Paso 7
Cómo dejar de ser "conveniente" y empezar a vivir:
el síndrome del complaciente

La respuesta de sumisión:
por qué la amabilidad es a menudo un instinto de supervivencia
"Sé buena niña." "No des problemas." "Asegúrate de no molestar a nadie." "¿Qué dirá la gente?" Desde pequeños, muchos de nosotros aprendemos a ser "buenos". En este contexto, ser "bueno" significa cumplir las expectativas de los demás, reprimir nuestros deseos auténticos y no causar ni la más mínima "molestia" a nadie.
Aprendimos tan bien esa lección que nos convertimos en actores consumados. Interpretamos el papel del hijo perfecto, el padre abnegado, el empleado dócil y el amigo incondicional. Sonreímos cuando queremos llorar; asentimos cuando queremos decir "no"; callamos cuando todo en nosotros quiere gritar.

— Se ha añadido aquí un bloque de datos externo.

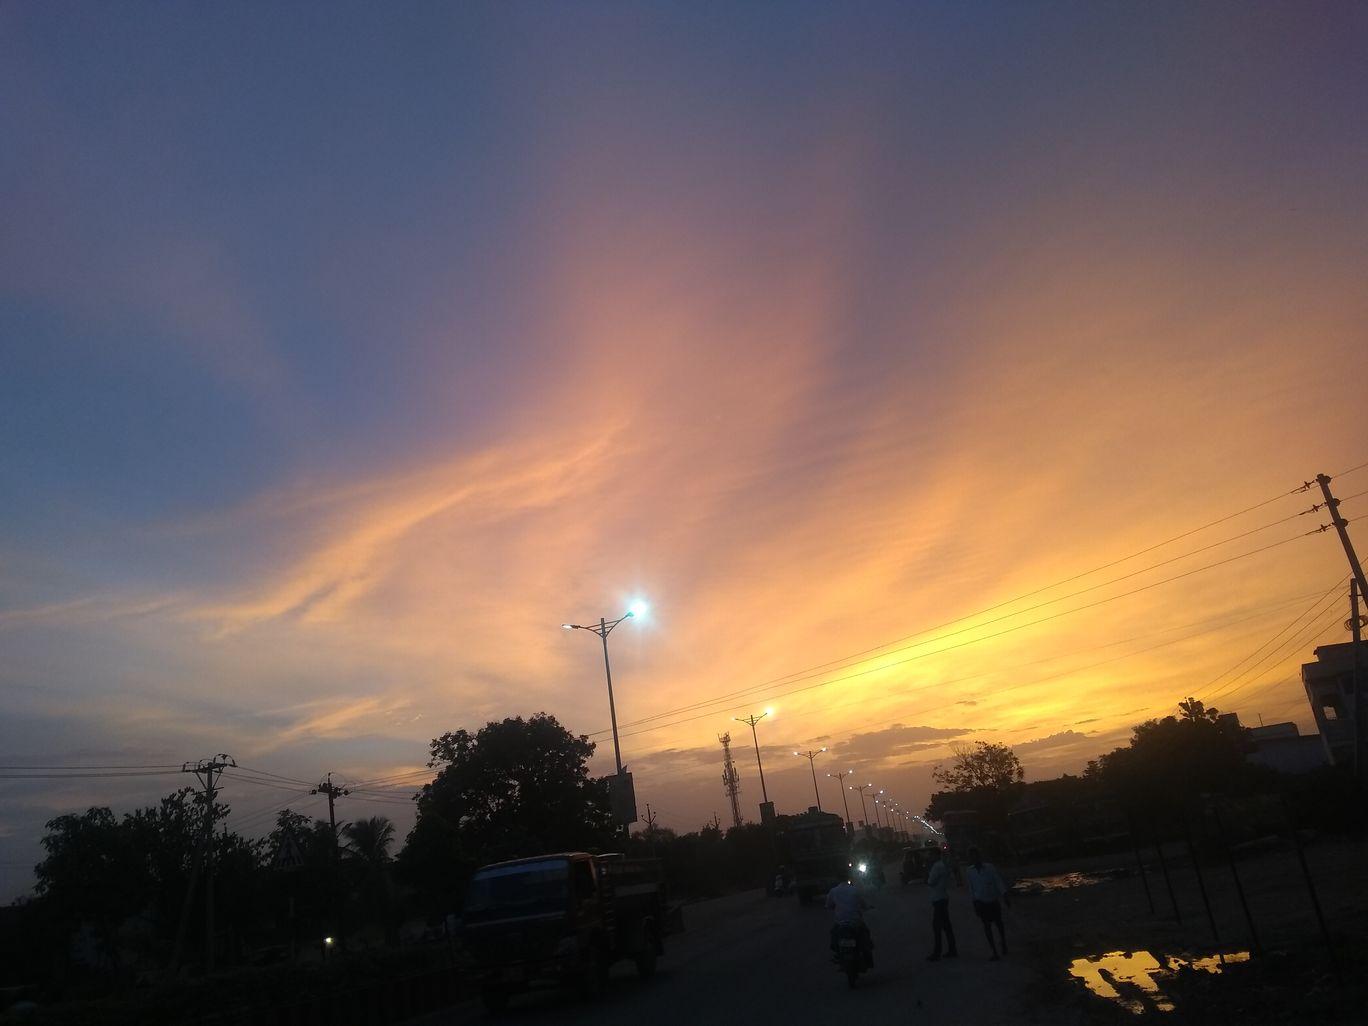 Photo of Vijayawada By Charishma Viswanadham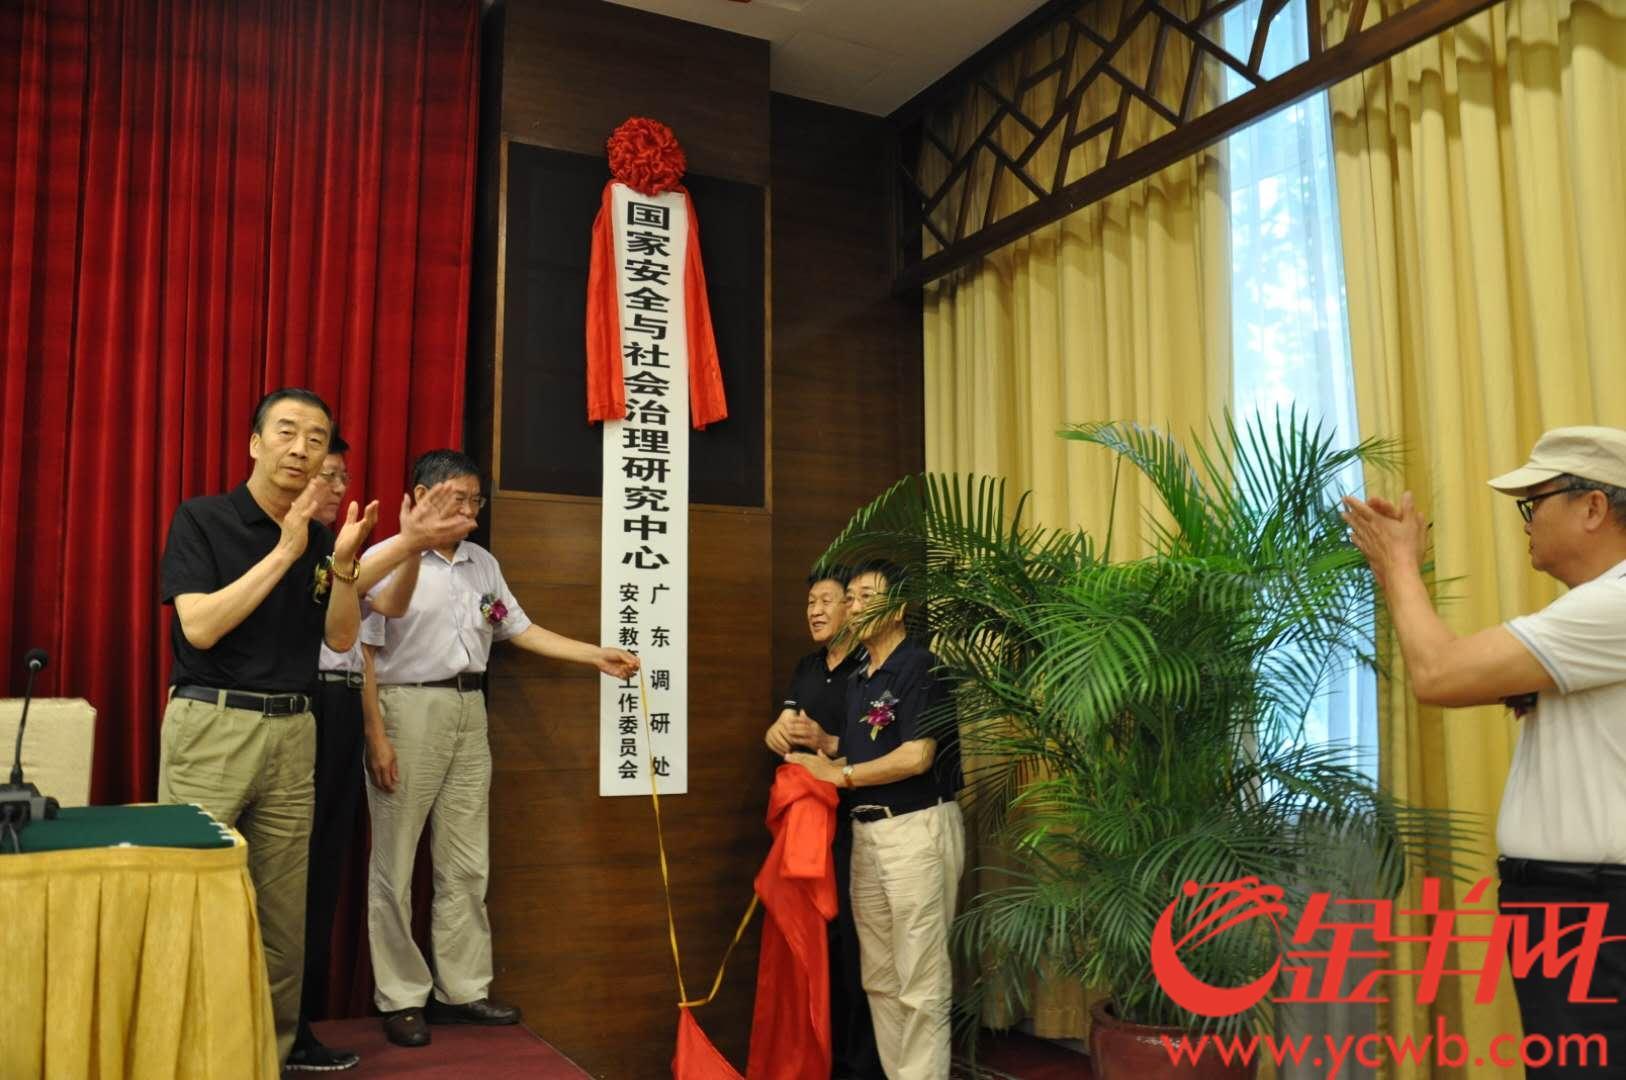 http://www.gzfjs.com/guangzhoufangchan/377279.html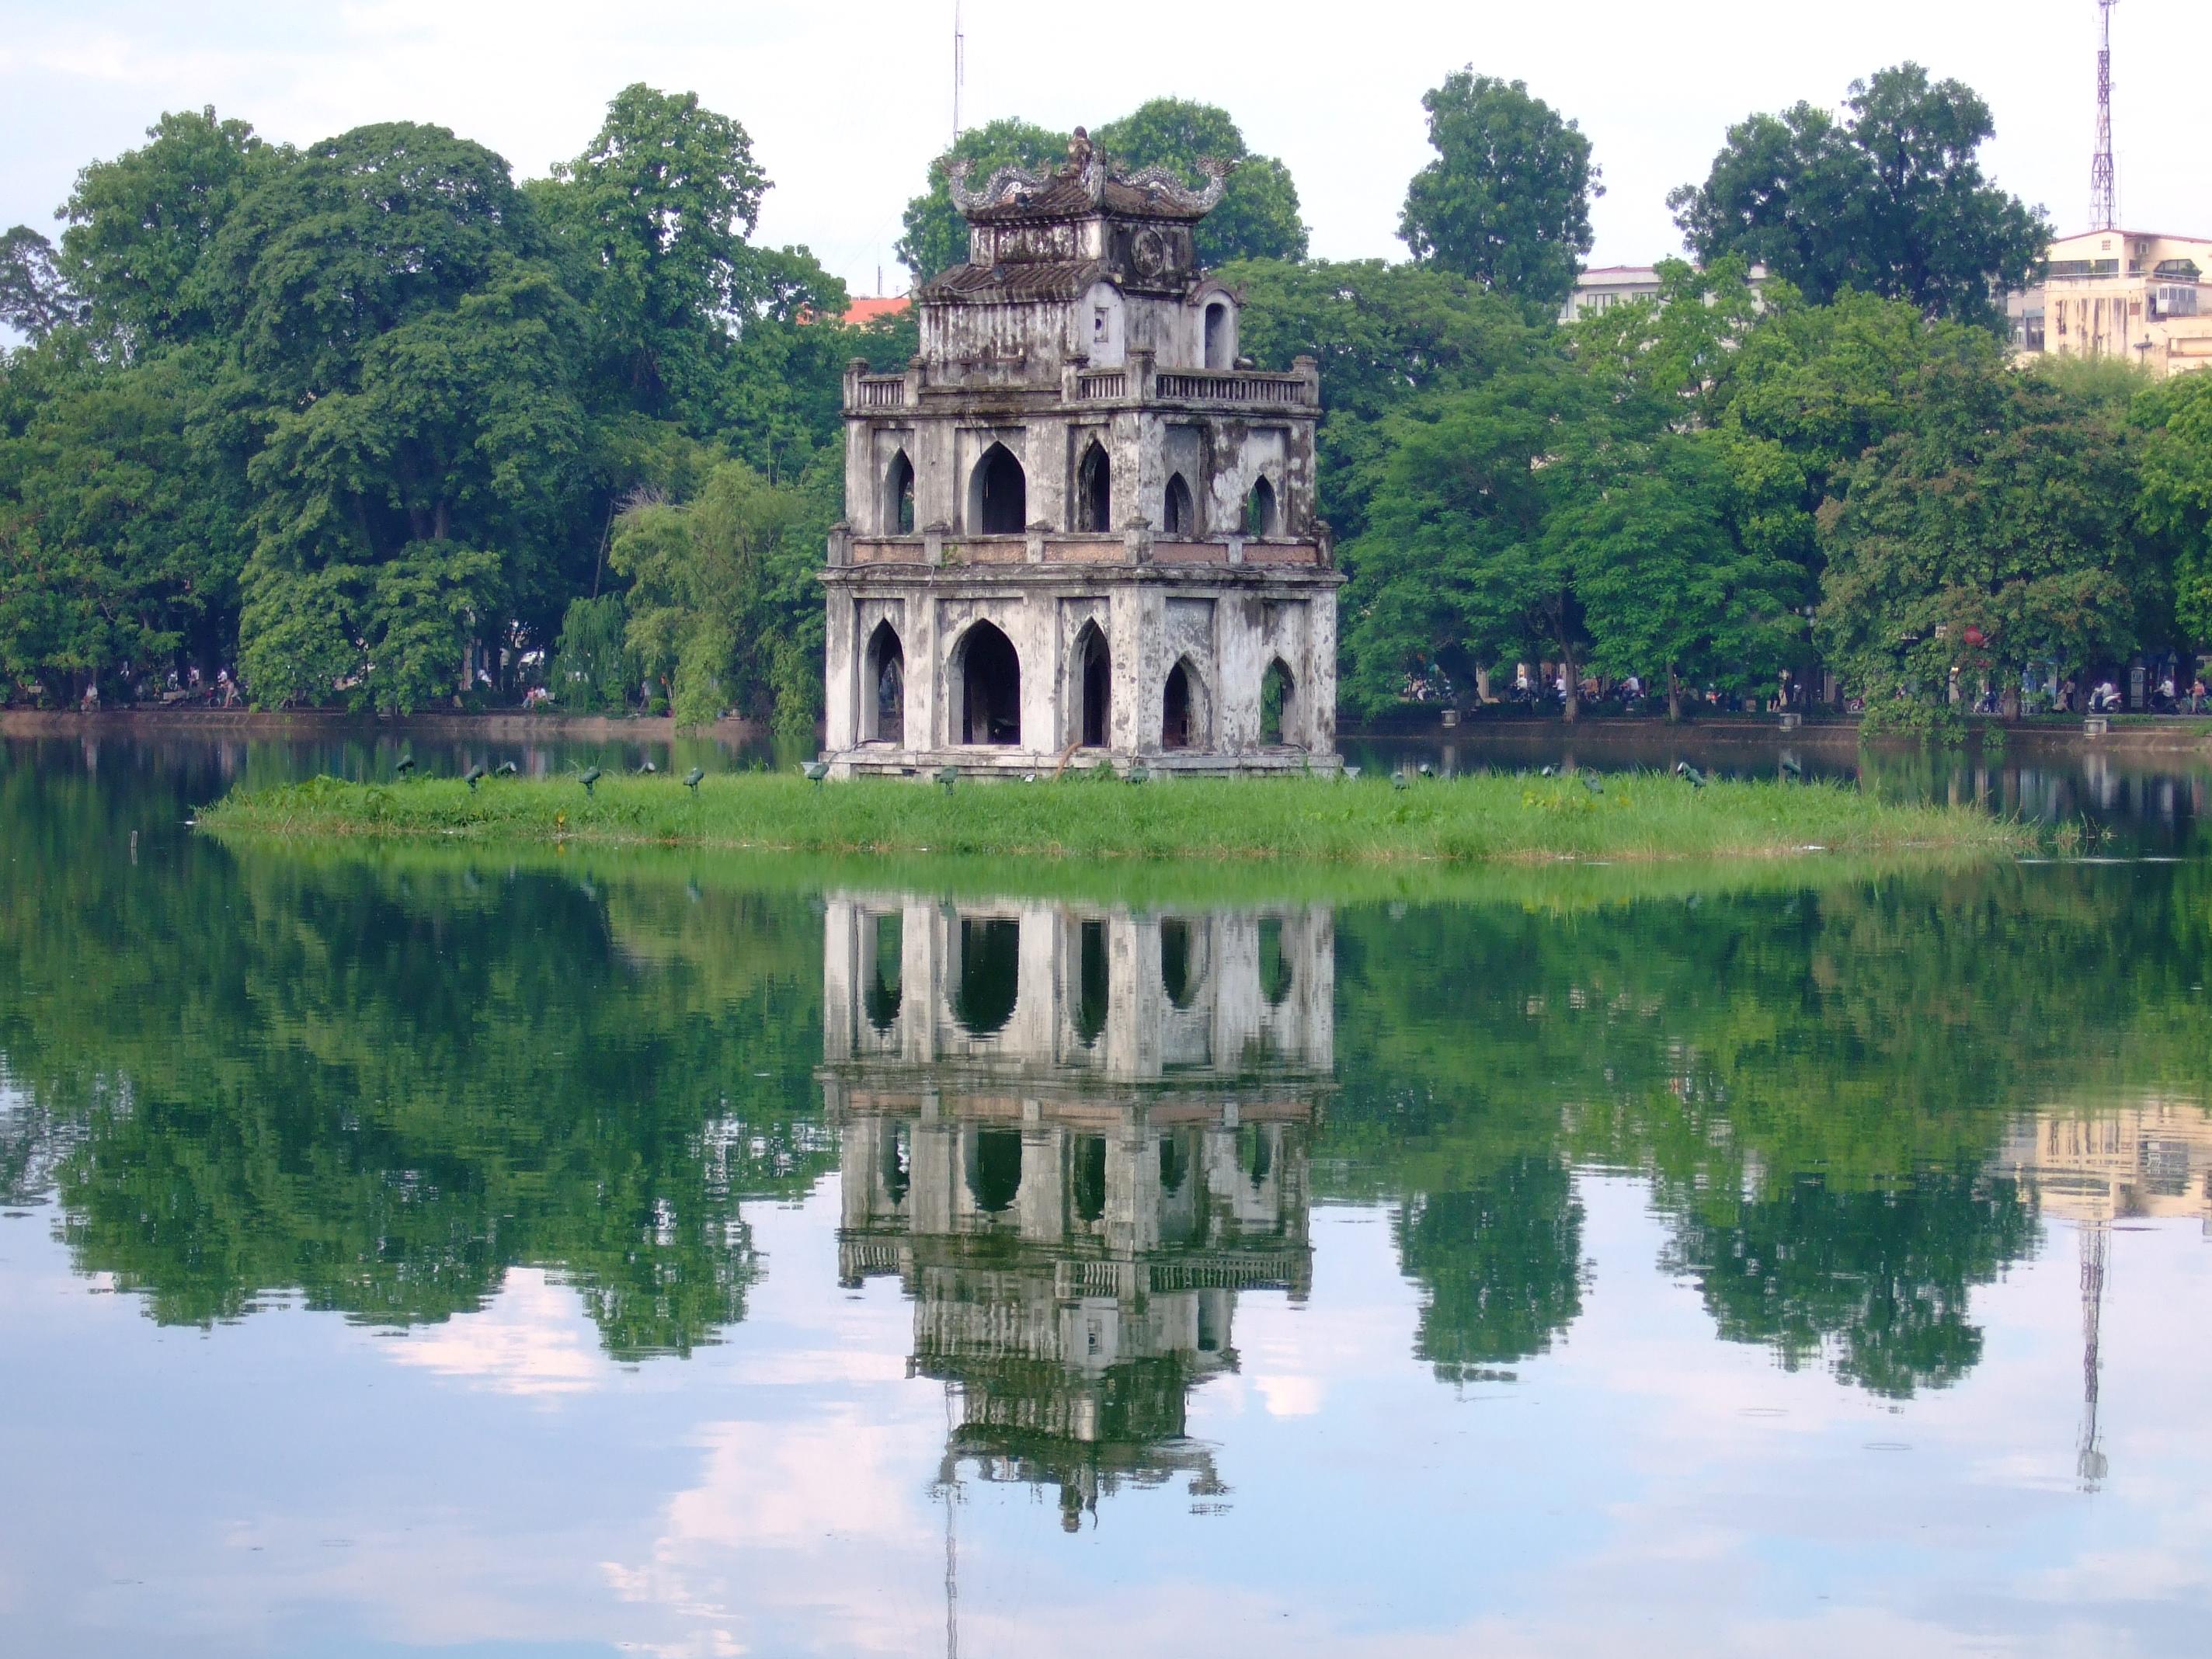 Bán nhớt Repsol chính hãng tại Hà Nội

Nos volvimos perfectos, cómodos y "buenos"... pero completamente vacíos por dentro. Cambiamos nuestra energía vital por la seguridad efímera de la aprobación ajena. En este paso hablaremos de cómo salir de esta jaula dorada y recuperar tu derecho a ser auténtico y vibrante, en lugar de simplemente "conveniente".